Burlington RubyConf, Burlington, Vermont, August 3-4, 2013
Community-building can seem like a herculean effort that must be coordinated among many. But it doesn’t have to be. One is plenty.
How can we handcraft a fulfilling code career? How can we support peers in developing theirs, whether newcomer or artisan? How can we contribute, without having to be expert? How do we develop social capital among community members, and channel those investments into people who are just entering? How will we craft a thriving community, using only simple tools & scarce local resources?
We’ll examine the history of major successes — in Ruby community, Python, and well beyond — and extract lessons to apply generally. It’s a story that weaves in personal narratives of rising into that, both well and clumsily. It’s about transforming minor ambitions & frequent iterations into a scope of change that looks amazing. By making choices to do small things well and thoughtfully, rather than with concern for how they scale.
Schemas for the Real World
RubyConf Australia (RubyConfAU), Melbourne, February 21-22, 2013
Social app development challenges us how to code for users’ personal world.

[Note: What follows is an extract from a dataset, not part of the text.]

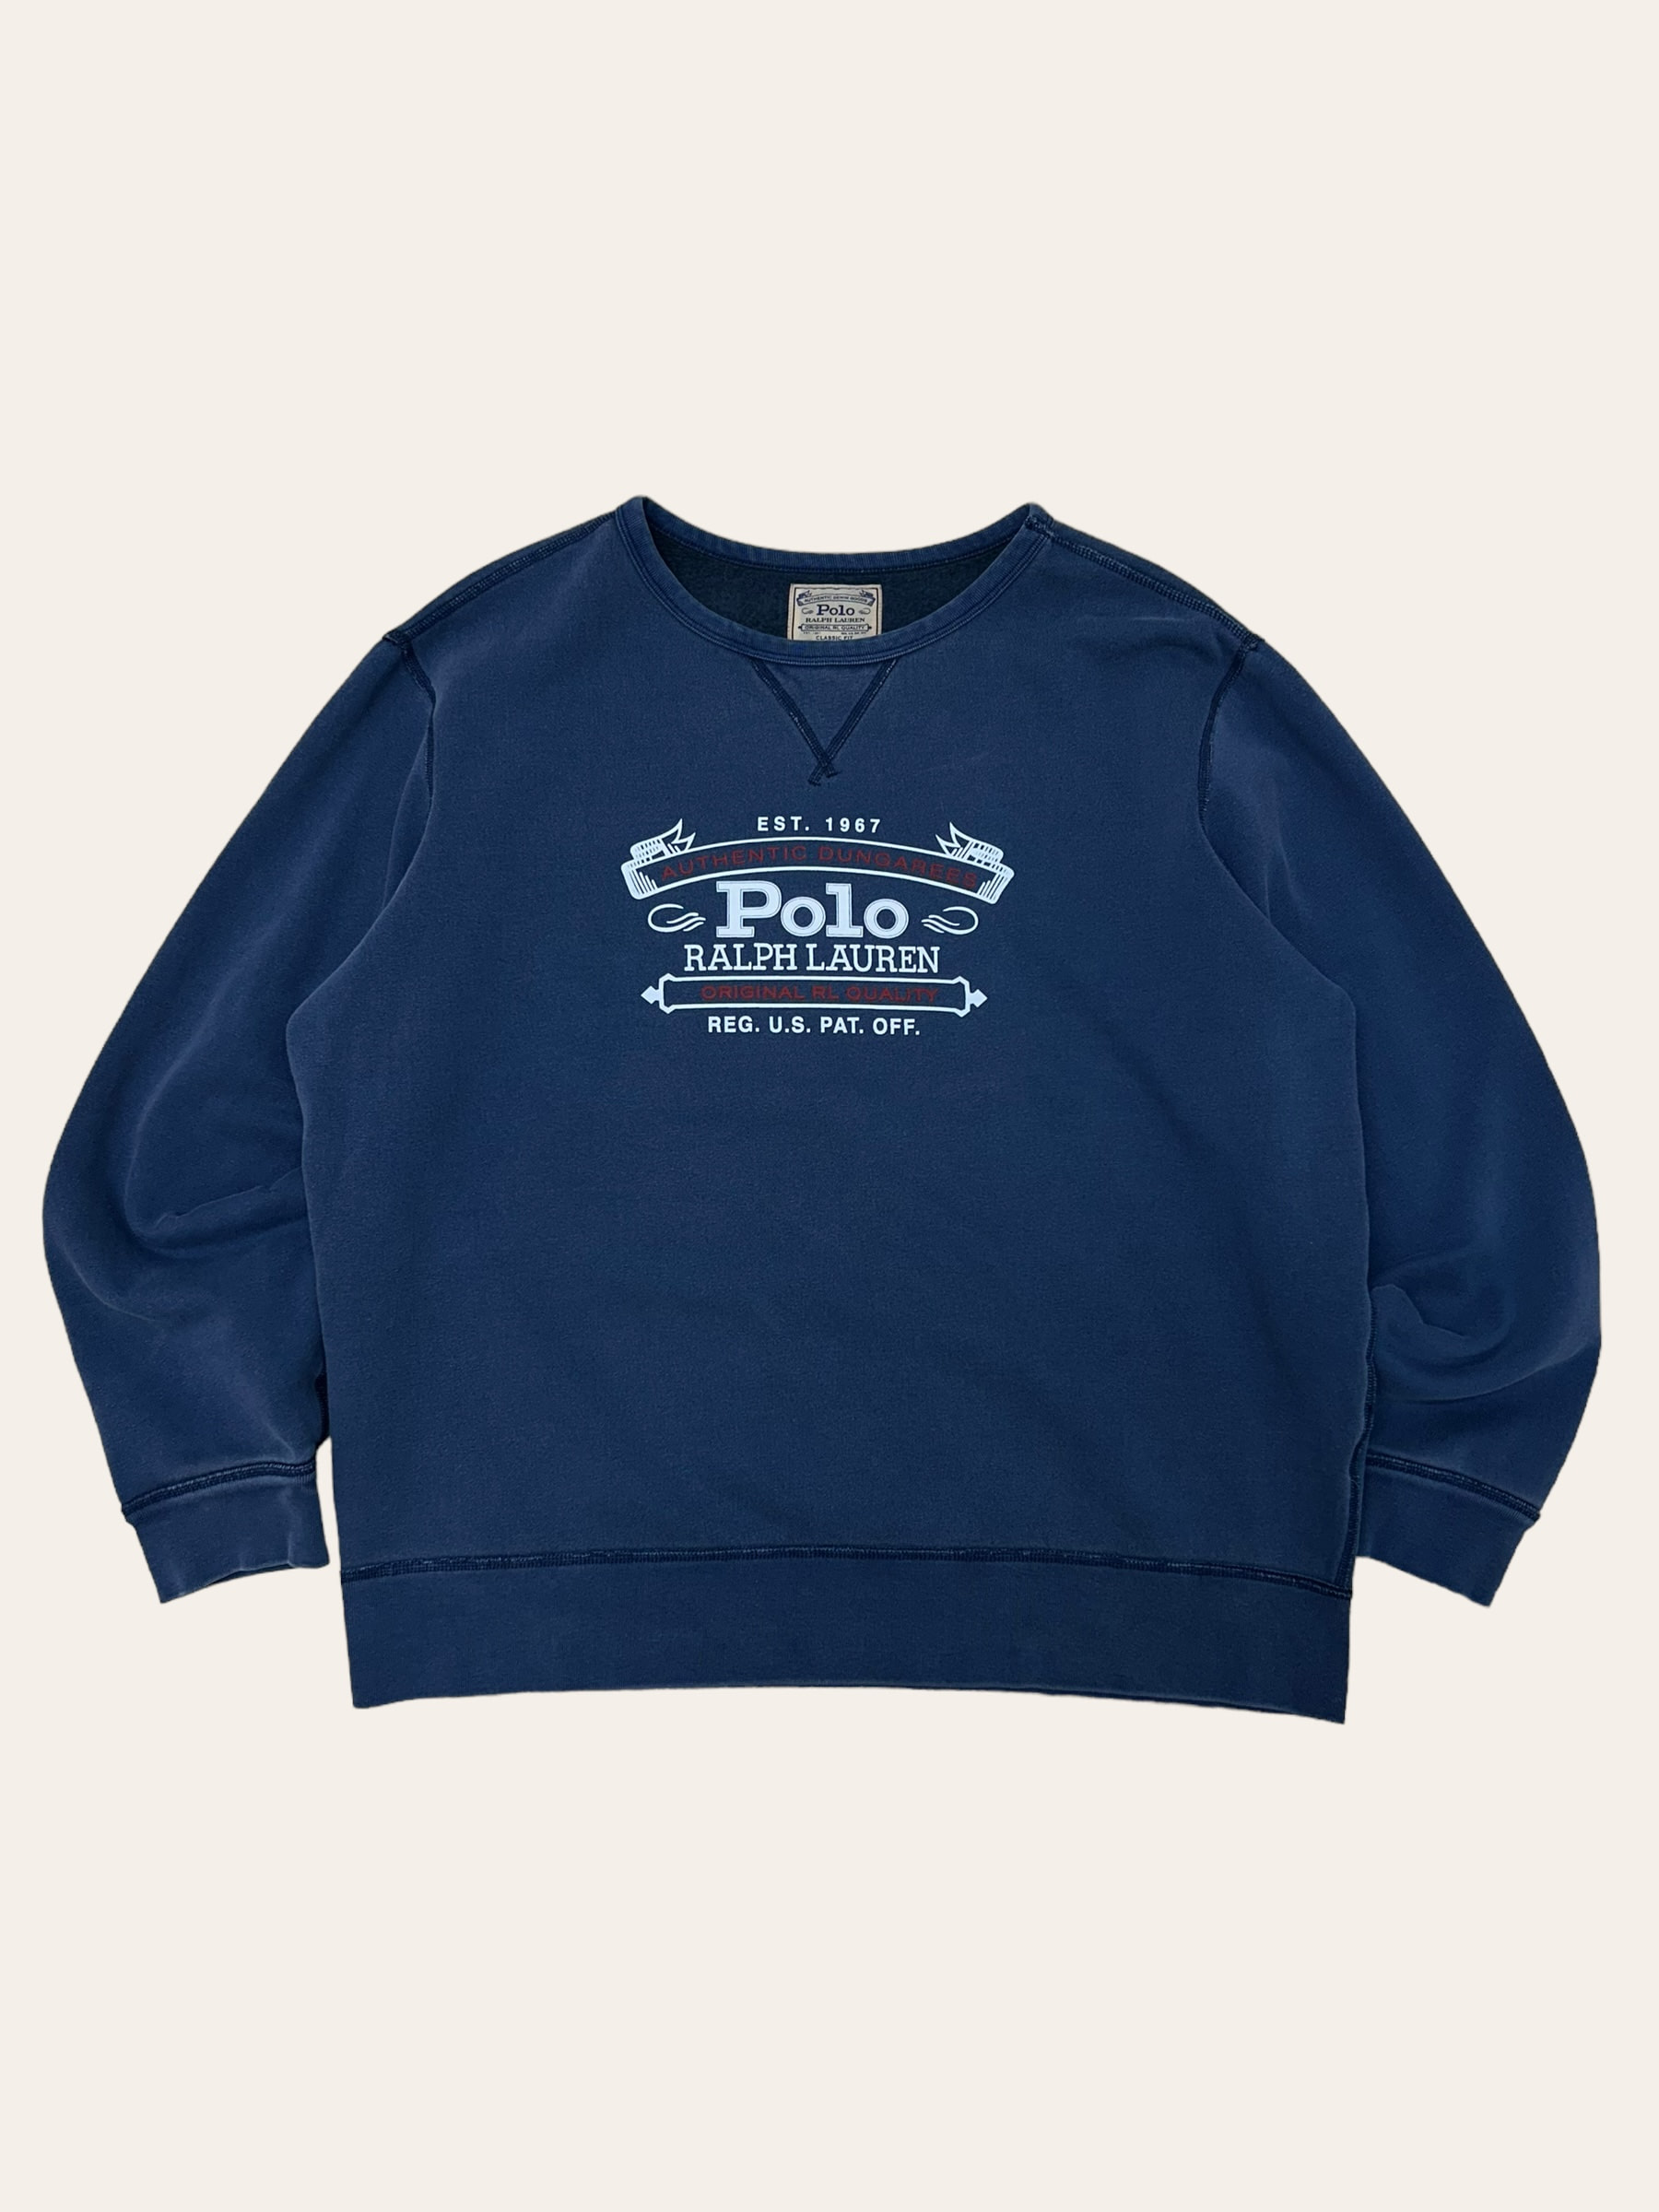 Polo ralph lauren faded blue printing sweatshirt XL

Users are giving push-back to ill-fitted assumptions about their identity — including name, gender, sexual orientation, important relationships, and other attributes they value.

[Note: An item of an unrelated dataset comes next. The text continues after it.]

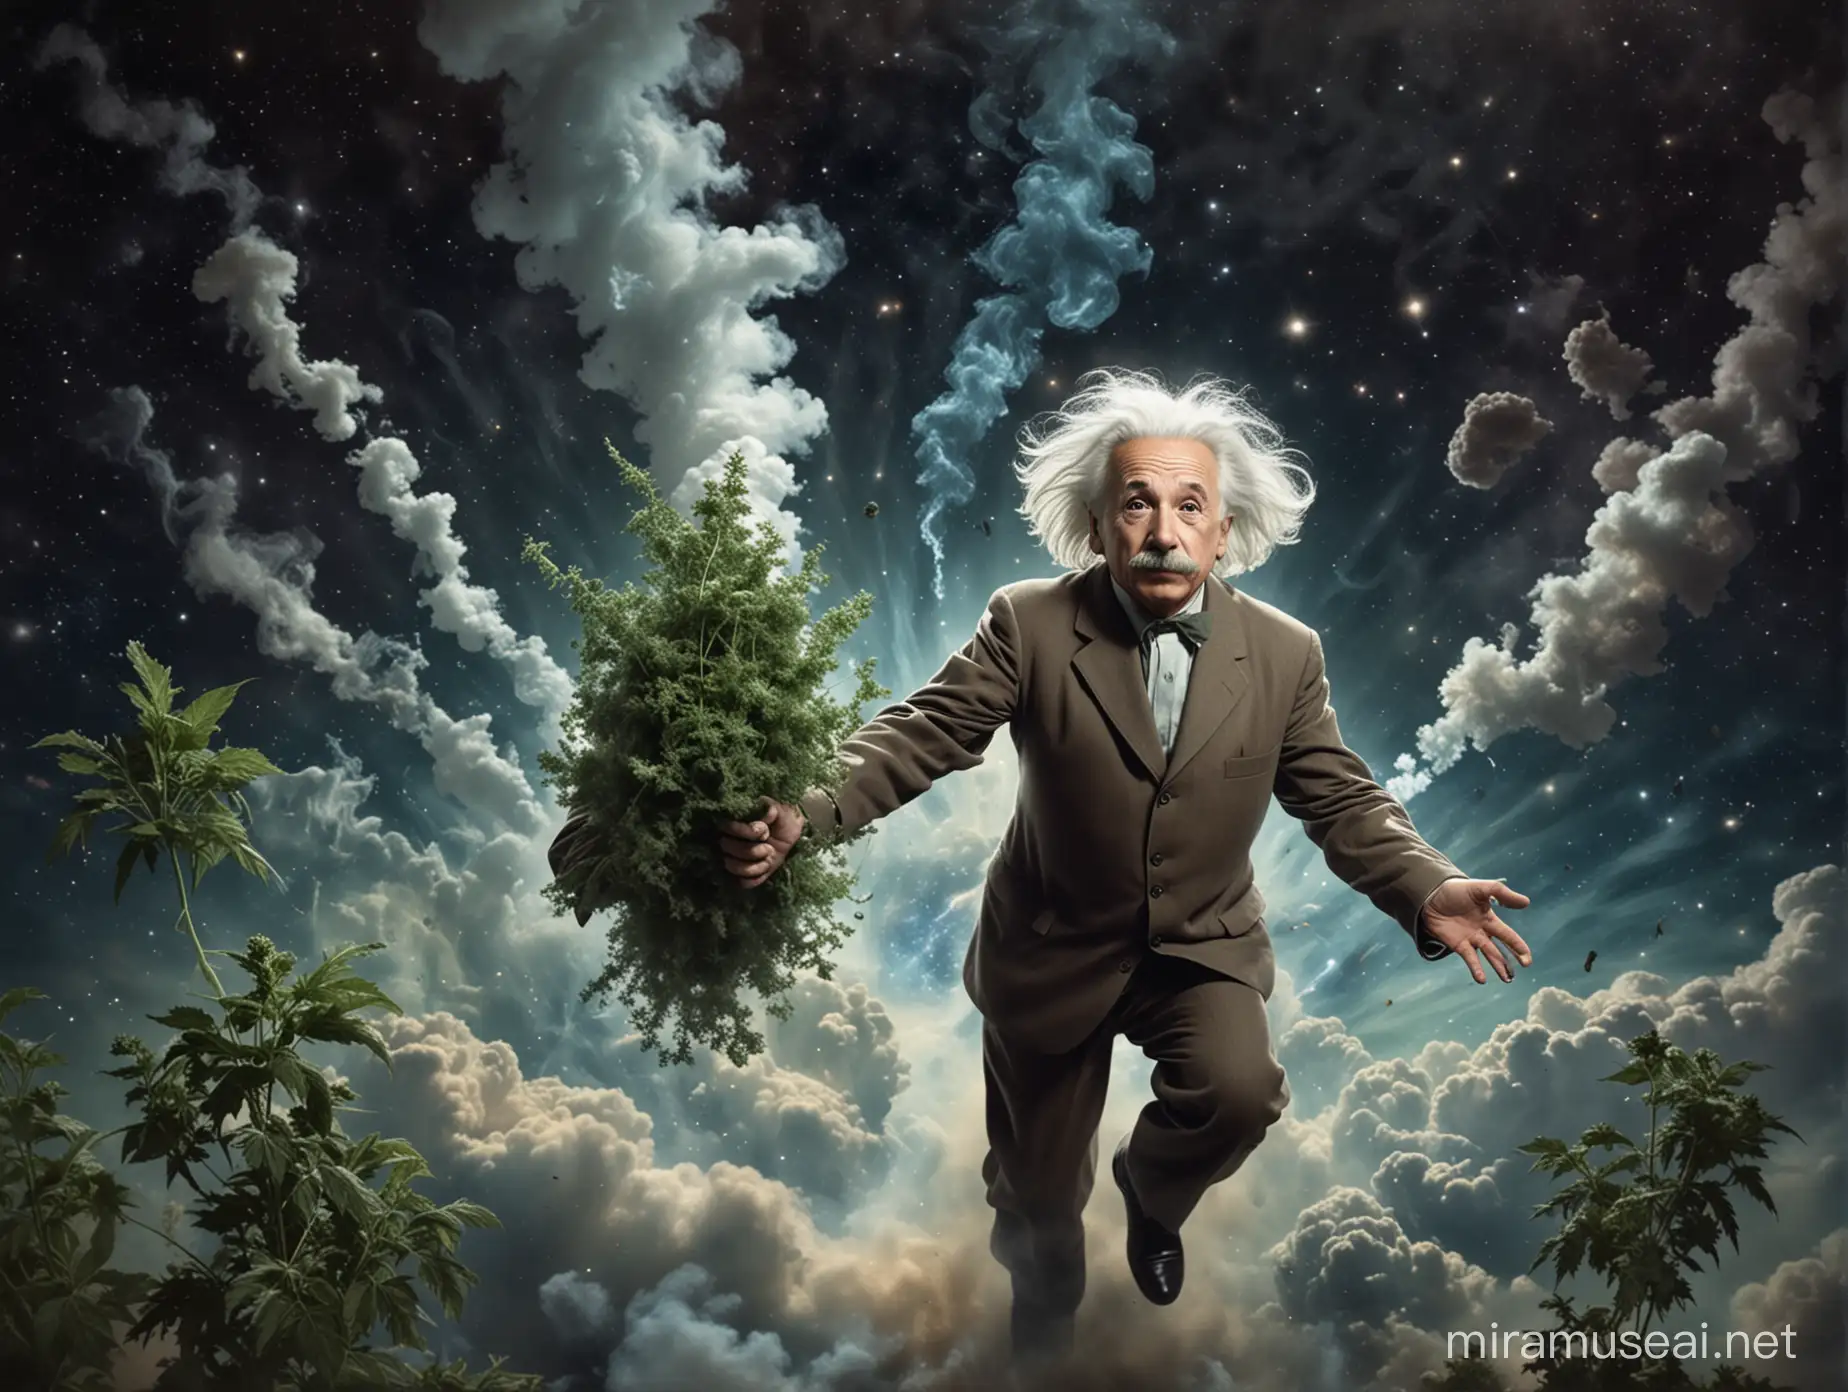 Einstein Levitating in Cosmic Serenity Amidst Nebula and Cannabis Smoke

How can we balance users’ realities with an app’s business requirements?
Facebook, Google+, and others are grappling with these questions. Resilient approaches arise from an app’s own foundation. Discover schemas’ influence over codebase, UX, and development itself. Learn how we can use schemas to both inspire users and generate data we need as developers.
“Insanely great talk on how free choice often best represents real world demographics and social schemas.” Simon Taggart
“One of the most informative, entertaining, and relevant to what I do everyday, talks I’ve seen” Renée De Voursney
“That talk was enlightening and liberating” Zubin Henner
“If you write software that is used by real people, you really need to pay attention” Jason Stirk
Schemas for the Real World
- Golden Gate Ruby Conference (GoGaRuCo), San Francisco, September 14-15th, 2012
App development, especially for social, challenges us to evaluate how to code for the complexity of modern life. Examples include the growing range of labels people ascribe to their important relationships, sexual orientation, and gender. Users are giving push-back to questions that carry ill-fitted assumptions or constrain their responses.
Facebook, Google+, and developers in many other industries are grappling with these issues. The most resilient approaches will arise from an app’s own foundations. We’ll look at schemas’ influence on product scope, UX, and analytics. Then we’ll check out a range of approaches for bringing modern realities into any app’s schema, views, and logic.
“Carina Zona challenged us to rethink our schemas to better reflect the real world. Her insightful session highlighted the assumptions we make about the world, particularly about relationships and sexual identity, through our technical decisions. When designing our applications, we should focus on modeling the world as it is, and worry less about how we’ll store and query the data. We can extrapolate out this idea further when thinking about software design. Instead of viewing our applications as interfaces to a datastore, they should be interfaces to our world. Storing the data is the easy part, writing our applications so that they are flexible to our dynamic world is much harder.” Chris Kelly, New Relic
“‘Schemas For The Real World’ was one of the few moments in a tech-heavy conference that acknowledged our users are real people with motivations that extend beyond our own business concerns — an important point too often glossed over for simplicity or convenience.” Josh French, Upworthy
“If emphasizing inclusiveness in conferences means more surprisingly mind-expanding talks like Carina C. Zona’s ‘Schemas for the Real World’, then bring on the diversity, because it’s a breath of fresh air.” Avdi Grim
“Loved, loved, loved your talk. You walked right through the issue and sorted it out definitively. Thank you” Jack Danger Canty, Square
The Evil Overlords’ Guide to Being a Senior Developer
FluentConf, San Francisco, May 28-30, 2013
Hollywood super villains learn their lessons the hard way. You don’t have to. What can we learn about doing good, from thwarted forces of doom?
It’s been said that coders “stand on the shoulders of giants.” We’ll take a session to stand on the shoulders of legendary tyrants, get a view from their side, & discover how to lead with the humor and grace that perpetually evades those gals and guys.
Full-Stack & Full Circle
What The Heck Happens in An HTTP Request, and Why It’s Worth Knowing
- Confident Coding III, San Francisco, October 20th, 2012
Flying in from 10,000 foot view (“Hey, browser, show me this”, “Okay, here it is”), we’ll take thoughtful overview of the HTTP request/response cycle. Its essence is simply a series of questions & answers, accumulating portions of content to be gracefully assembled for the user.
We’ll hone in on some key players amidst the “full stack” of communications, with special attention to how an understanding of the HTTP lifecycle endows any developer or designer with the power to optimize for performance, cost, and UX
Cool Git Tricks
(That I Learn When Things Go Badly)
- Women Who Code Lightning Talks, San Francisco
A quick and cheeky intro to some very handy features that even experienced users are frequently unaware of.
Part two of the quick and cheeky tour through handy features that even experienced users are frequently unaware of.